At the same time, journalism graduate student Veronica Townsend has taken over the School’s Instagram page, covering the work of her fellow students and other happenings at the game. During halftime, she manages to catch a few candid shots of NBA star and Jeff City alum Ogugua Anunoby signing autographs for students.
On the other side of the field, where a congregation of Rock Bridge fans cheer their team on toward a decisive victory, Missourian photographers Kalyn Laire and Tanishka R. are dividing and conquering for Friday Night Sights, the Missourian’s weekly collection of photos from high school football games that runs parallel to Friday Night Fever. Laire, a freshman, is getting her feet wet.
“This is my first Friday Night Sights, and I’m a little nervous,” she admits. “But this is why I’m at the best journalism school in the country.”
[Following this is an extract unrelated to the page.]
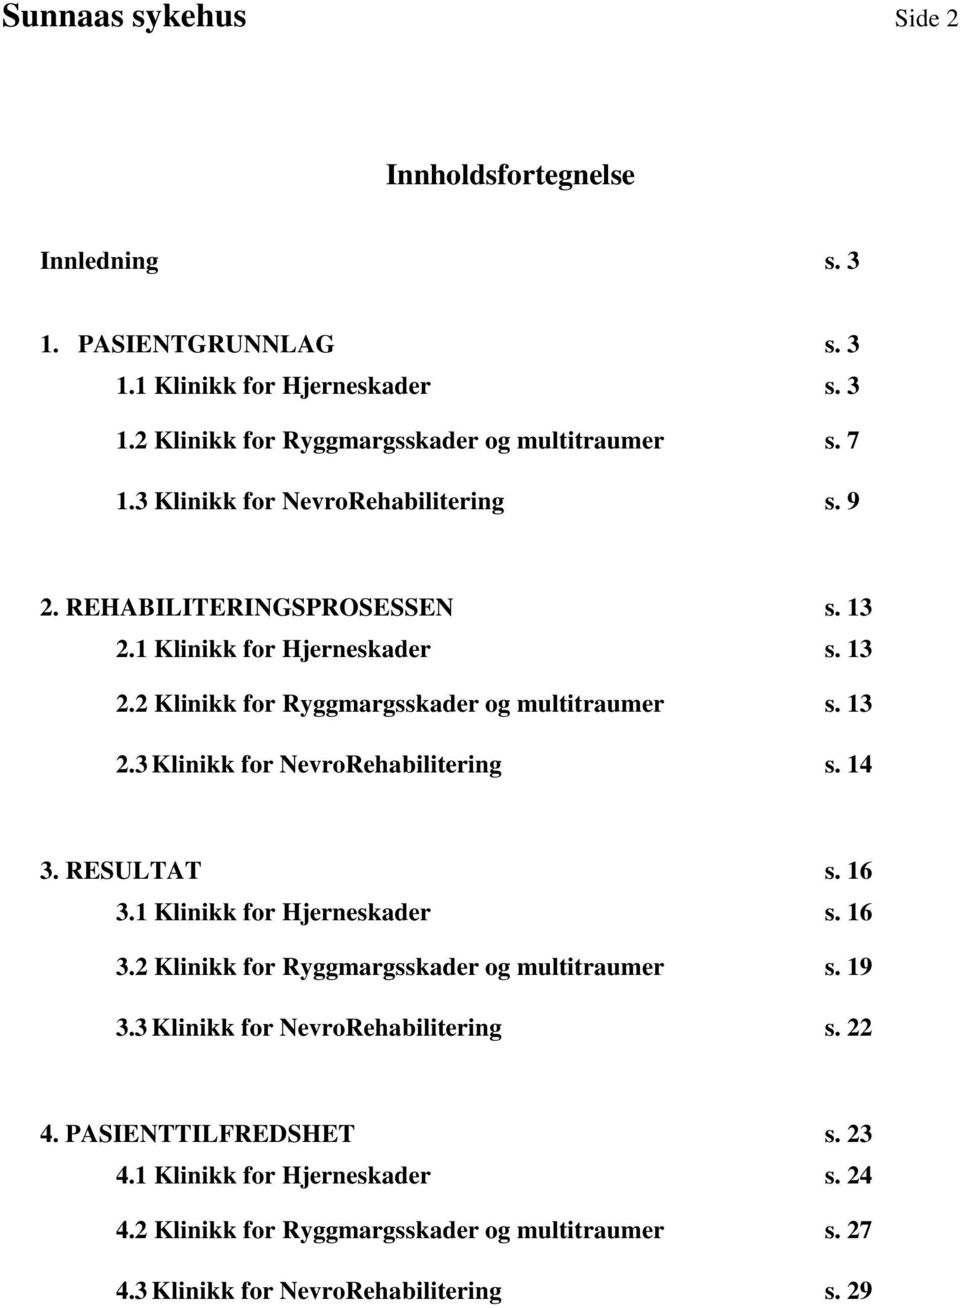 RESULTAT s. 16 3.1 Klinikk for Hjerneskader s. 16 3.2 Klinikk for Ryggmargsskader og multitraumer s. 19 3.3 Klinikk for NevroRehabilitering s. 22 4. PASIENTTILFREDSHET s.

Laire, who is tasked with snapping fans and other non-action shots, hangs back a bit at first, seemingly dwarfed by the raucous swarm of Rock Bridge teenagers whooping and hollering in the bleachers beside her. But before the game reaches halftime, she has developed a feel for the crowd and weaves between them, capturing the way their reactions ebb and flow in tune with the action on the field.
Perched on the sideline, journalism graduate student Tanishka is charged with taking action shots for the Missourian, a task she values for the precision it requires.
“Shooting sports, you need to be very present, because you never know what could happen next,” she says. “You need to have eyes everywhere.”
As if to prove her point, she pauses and drops into a crouch as Rock Bridge attempts an onside kick. “This looks interesting,” she mutters. The players form a wall, sprinting forward in tandem with the kicker. Tanishka snaps a photo just as the kicker connects with the ball. Elsewhere, Matteson and Walterman film the play as it unfolds, and Laire captures the Rock Bridge fans as they erupt.
“Opportunities are everywhere,” Tanishka says with a smile.